Third grade was basically dead as far as thinking of new ideas for my life. However, I changed my goals yet again when I loosened into the idea of being a future racecar driver, and I still have no idea why or how I planned on reaching this goal. Even so, I eventually put all my gusto into this scheme just as I had done for the others. Fourth grade, on the other hand, brought on an epidemic of curiosity remedied only by the “Medical Years,” which were the subsequent years of my interest in being a doctor or other medical professional. This consisted of me exploring an immense number of options in the medical field after a nurse came and talked to our class at Career Day. I had not narrowed it down yet, but I wanted to be something between a cruise line nurse on a ship and a doctor venturing to aid poverty-stricken jungle people. As soon as I had one medical job picked out, I’d discover another with more pizzazz and would run towards that instead. The ferocious pattern of changing my mind for something totally opposite was continuing and was evidently infinite.
Another instance of a career grouping was brought on during the home stretch of that year and lasted slightly into middle school while overlapping with the Medical Years. It was known as my “Creative/Artistic Phase” (or at least, an attempt at being artsy). In no particular order and in various combinations, I indulged in thoughts of being a clay bead and sculpture artist while I experimented with various brands of clay, a dessert chef who designed the presentation of fancy dishes with the use of drizzled chocolate, a photographer, and a full time scrapbook maker and supplies dealer. In the last mentioned career I was seriously dedicated. I had all of the brochures on how to become a scrapbook consultant and I was really hoping to begin this career by about 11 years of age. My thought process was that it would begin as an after school job and build up from there. In addition to these newfound careers, the interior designer in me was also resurrected and was supplemented with redesign T.V. shows like “Trading Spaces.” I altered my thinking so many times on the subject of my future that all of these interests and ideas started running together in my head. I wanted to do them all at once! Of course, I could not, so I had to keep adjusting my desired career choice. Instead of worrying about which choice I should pursue, I remember thinking, “hey, if none of this works out I can always just go to med school.” So that settled any doubts as I coasted into my future that has since become the present, and now the past.
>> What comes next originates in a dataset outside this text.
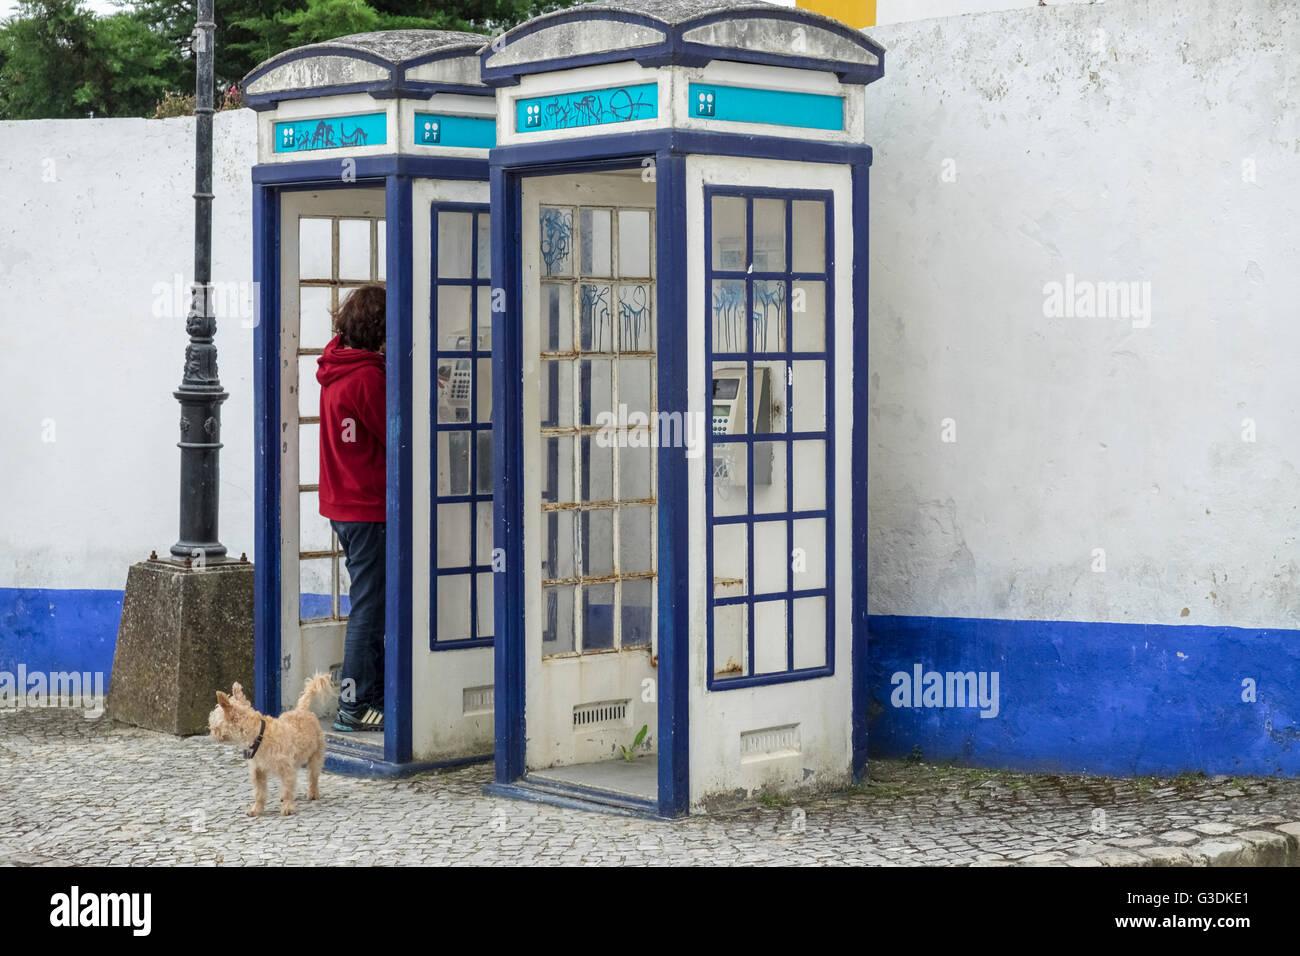 Woman using old style landline telephone box, Obidos, Estremadura, Portugal - Stock Image

Right now, I still don’t know exactly what I will do or become, and I have realized that I didn’t actually know back then, either. I do know that I want to be as far away from ice-skating, paleontology, and everything in between as possible. These big, motivated intentions and plans throughout my young life really got me nowhere. I guess you could say my preschool and childhood dreams were crushed, but this is probably for my own good. Even still, I’m glad I got to experience so many interests in different areas. Who knows, maybe this, in some small way, made a positive impression on the person I am today. After all ambition, in smaller servings, can at times be very good.